Microsoft, Apple and Google were the top three brands criminals attempted to mimic in 2021, according to IBM’s newly released X-Force Threat Intelligence Index. The industry-leading brands were used repeatedly in phishing kits, with attackers likely seeking to capitalize on their popularity and consumers’ trust, the Index said.
Cybercriminals used the brands as a disguise to steal consumers’ information or infect their devices with malware. Of the phishing kits that X-Force analyzed, an overwhelming number targeted email/ID/password combination, while scammers and cybercriminals attempted to gain access to credit card data in the majority of instances, the Index said.
SEE: Google Chrome: Security and UI tips you need to know (TechRepublic Premium)
The other brands that made the list were BMO Harris Bank, Chase, Amazon, Dropbox, DHL, CNN, Hotmail and Facebook, IBM said.
Ransomware, phishing remain top techniques
While ransomware was the number one attack observed by X-Force last year, attacks declined slightly to 21% from 23% the previous year. REvil ransomware actors were responsible for 37% of all attacks, the report said.
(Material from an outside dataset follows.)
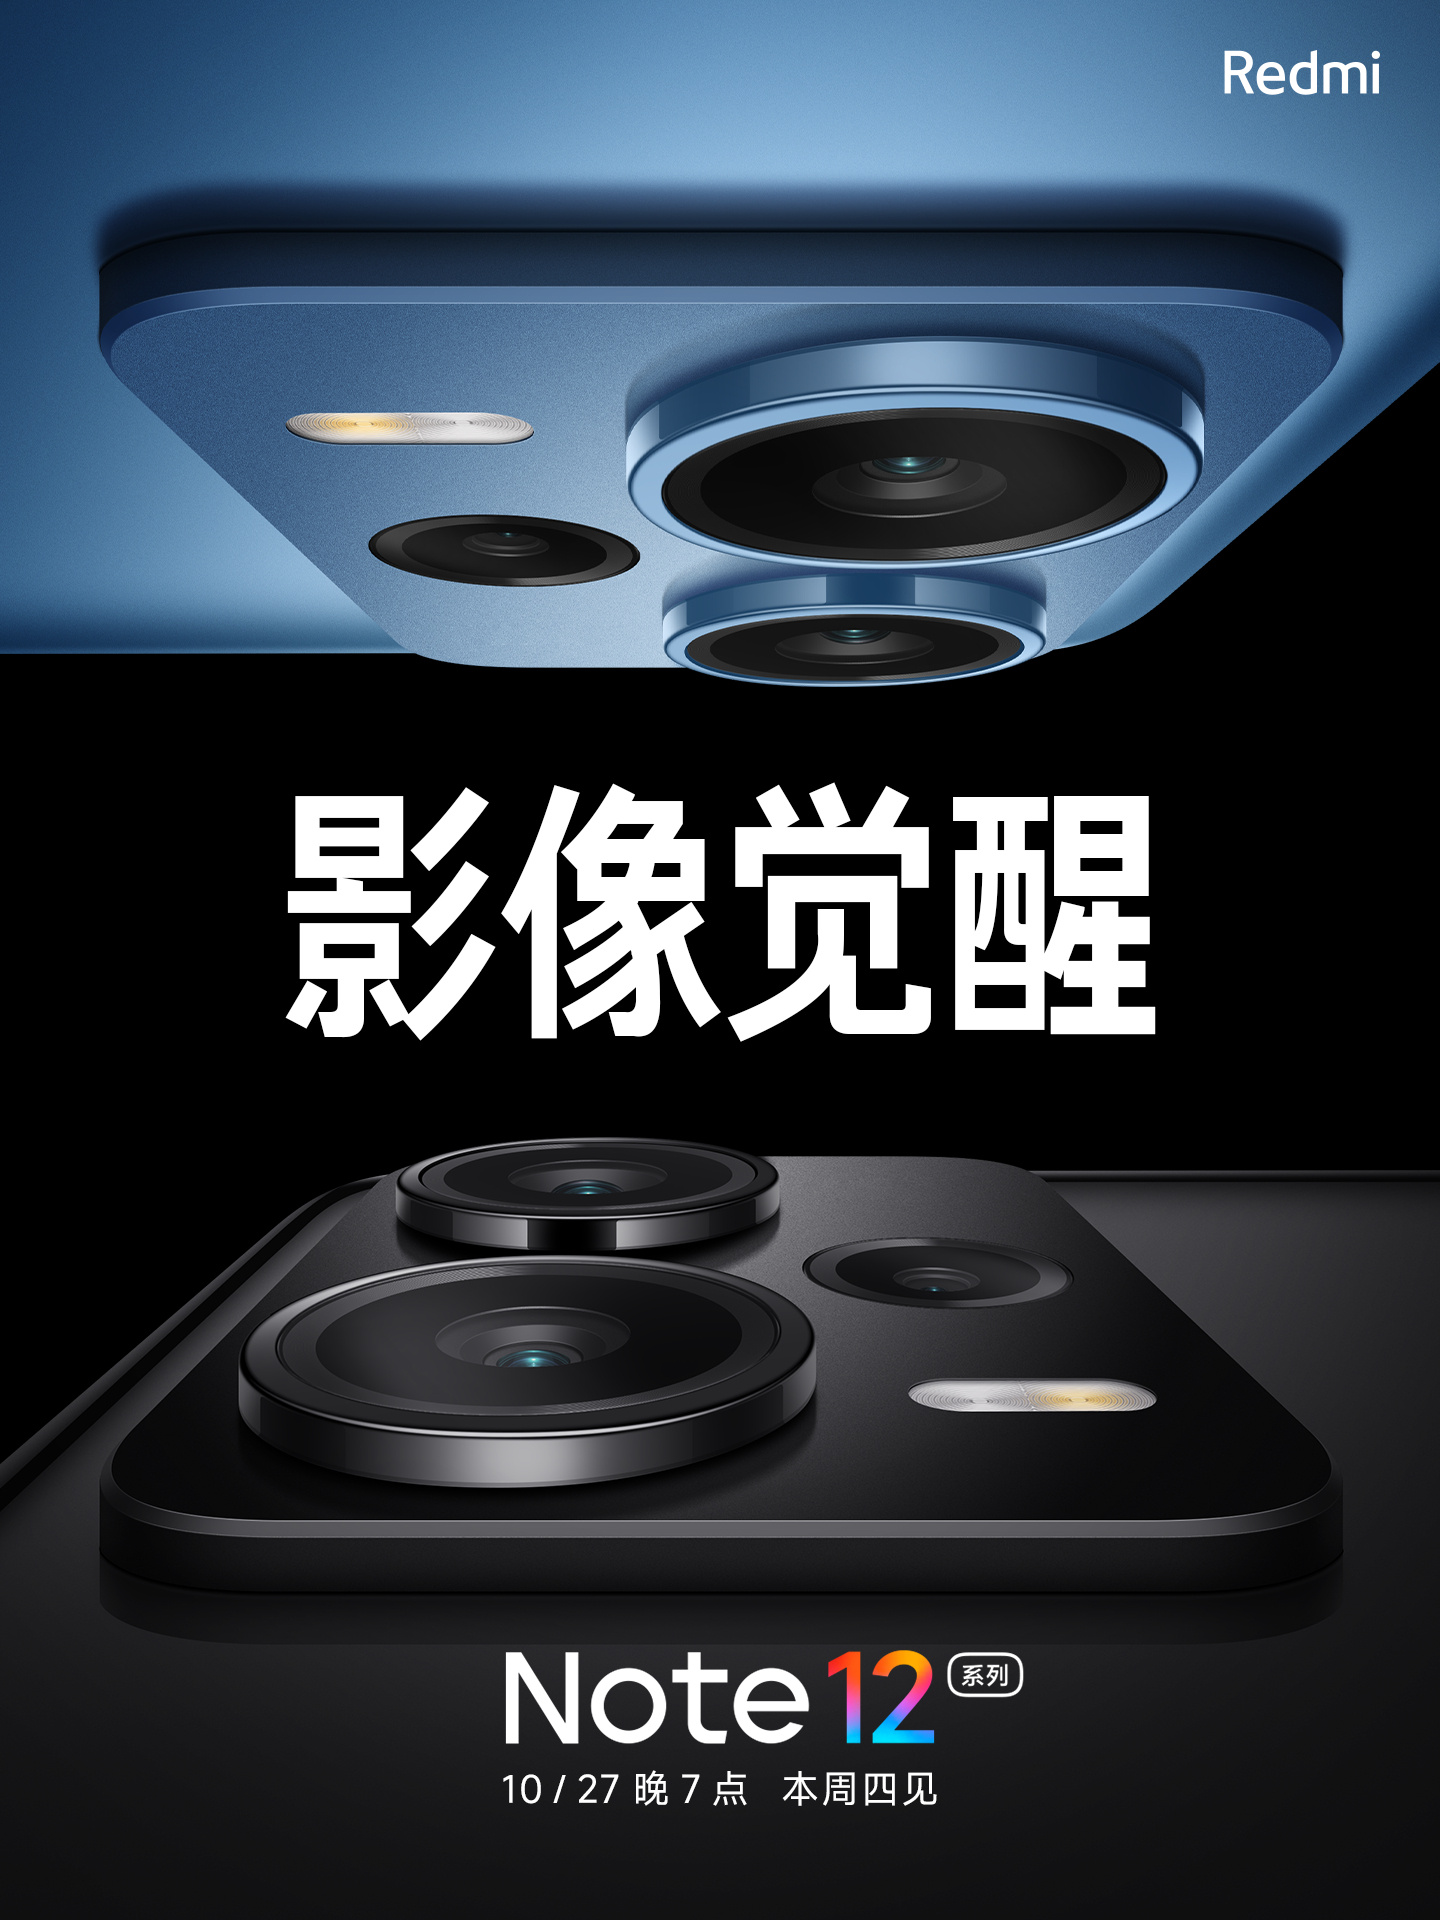 Redmi Note 12 5G Chipset Confirmed: Check Specs and Launch Date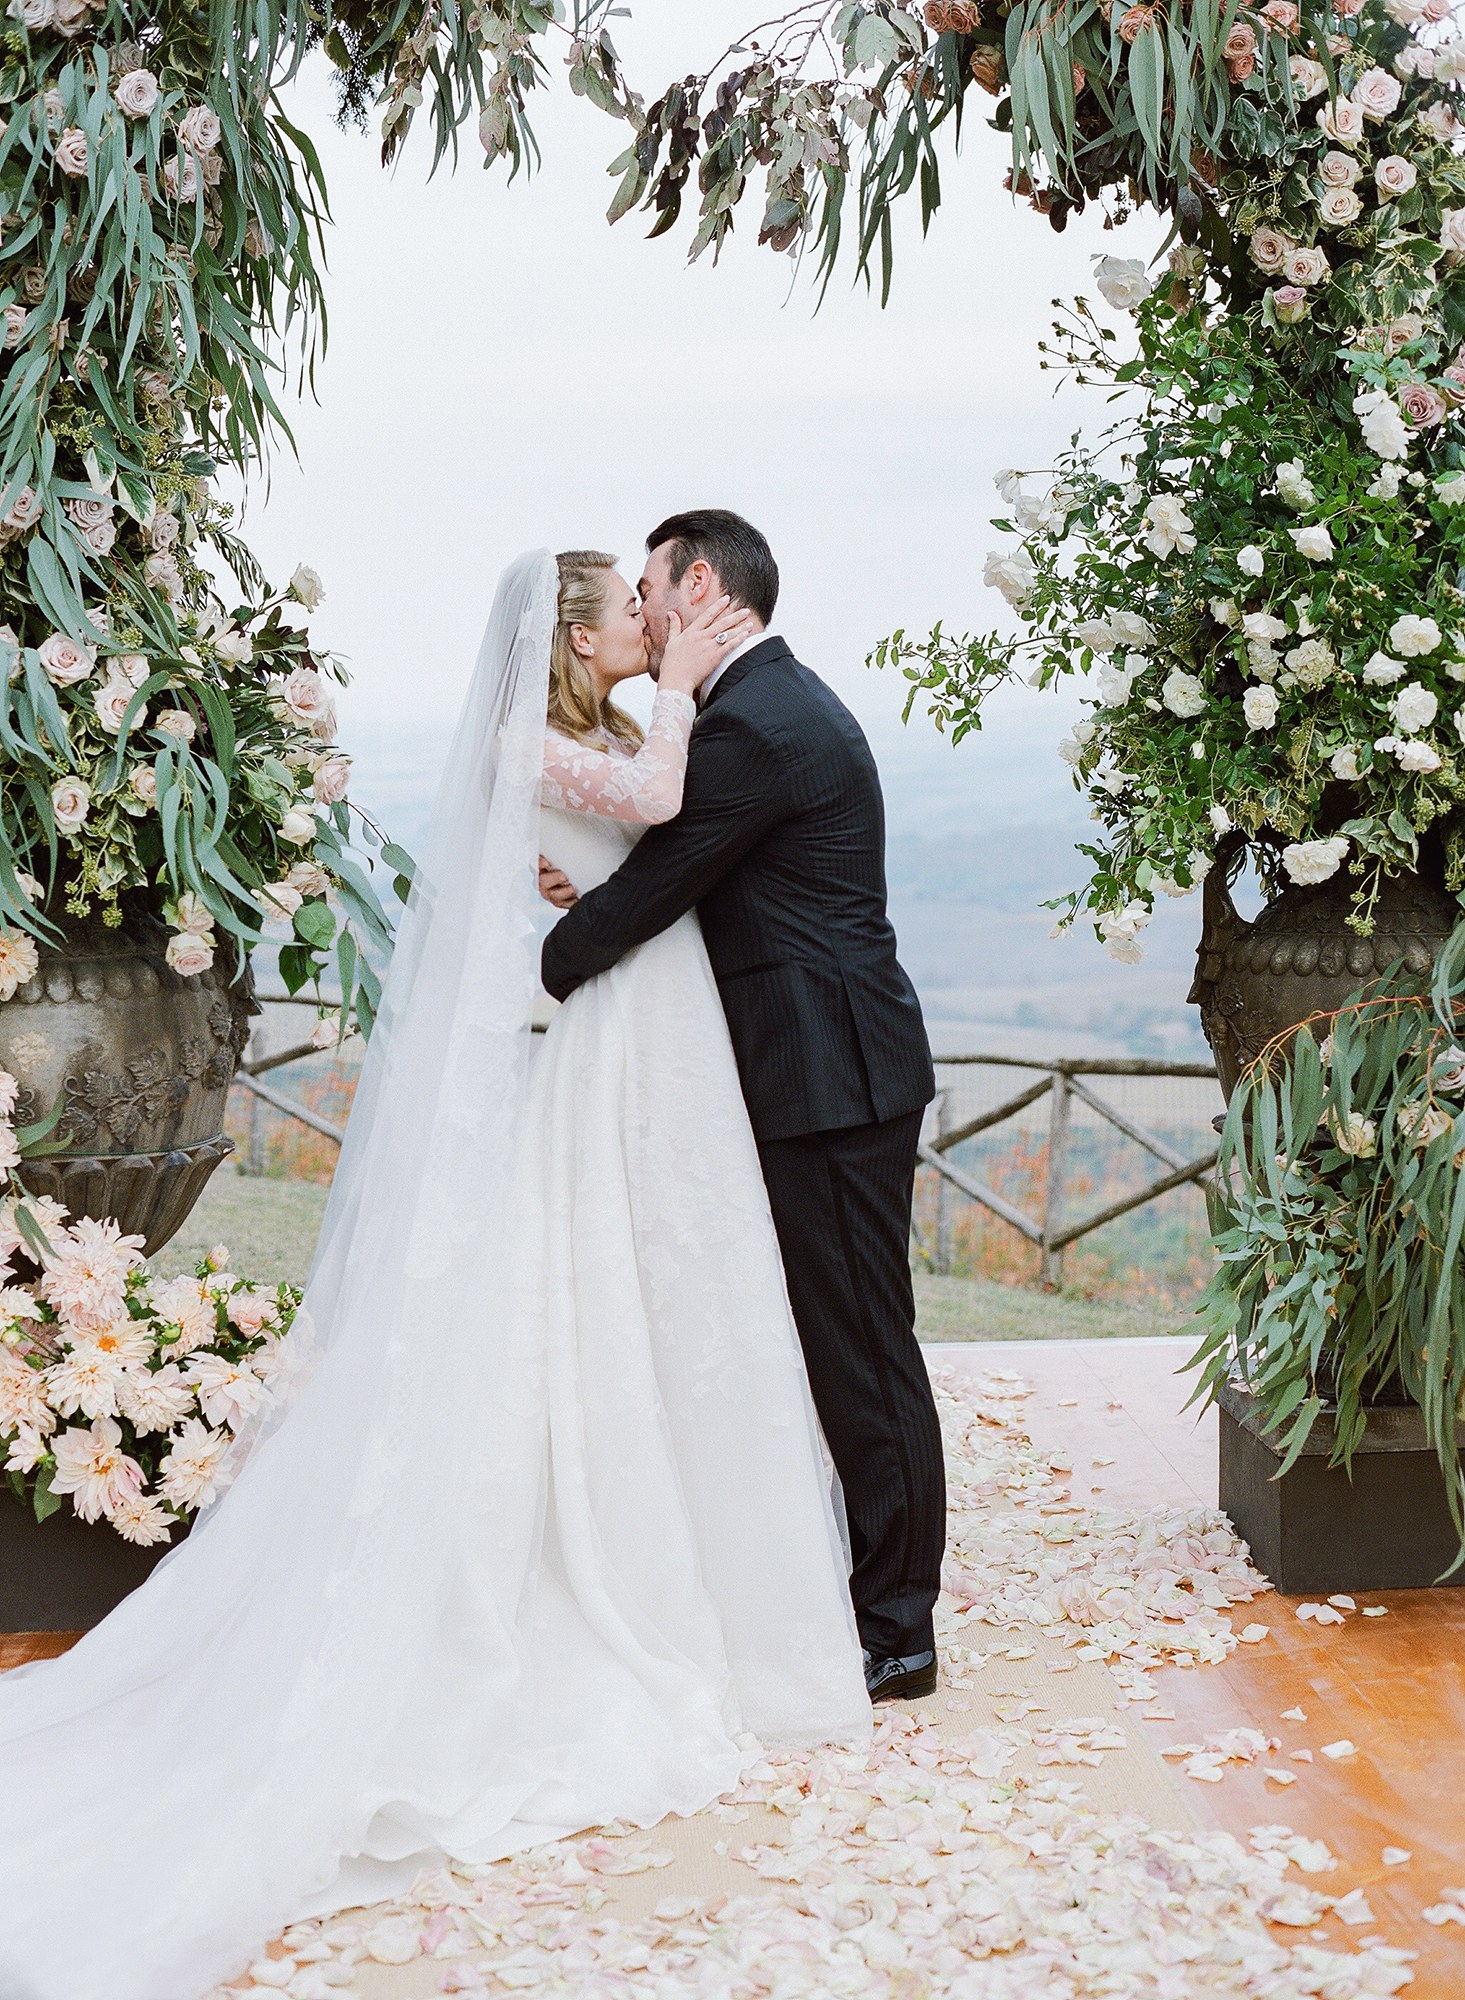 PHOTO: Photos from Kate Upton and Justin Verlander's Nov. 4 wedding appear exclusively on Vogue.com

Another finding was that ransomware gangs had an average lifespan of 17 months before rebranding or disbanding. REvil, one of the most successful gangs, shut down in October 2021 after 31 months, the Index said.
Meanwhile, 41% of attacks were the result of phishing for initial access, which emerged as the top pathway to compromise in 2021, the Index said.
Other key highlights from the 2022 Index include:
- Hitting consumers’ wallets–Ransomware attacks dominated manufacturing in 2021, contributing to marked-up product/services prices and burdening consumers already dealing with inflation at a near 40-year high. For example, by the end of 2021, ground beef prices rose 10% following the JBS ransomware attack and gas prices increased 10% following the Colonial Pipeline ransomware attack.
- A Rising “debt” of vulnerabilities–With a record number of disclosed vulnerabilities in 2021, X-Force saw 33% rise year over year in the number of network compromises caused by vulnerability exploitation, revealing businesses’ biggest vice: patching. Businesses in Europe, Asia and the Middle East and Africa were virtually overpowered by unpatched vulnerabilities, which caused about 50% of attacks in these regions in 2021.
- “Manu-fractured” supply chains–Manufacturing was the most attacked industry in 2021, accounting for nearly one in four attacks with ransomware persisting as the main culprit. Nearly half of attacks on manufacturing were caused by vulnerabilities.
- Early warning signs of cyber crisis in the cloud–With a 146% increase in new Linux ransomware code and a Docker-focused push expanding beyond just bots, it’s becoming easier for threat actors to utilize cloud environments for malicious purposes.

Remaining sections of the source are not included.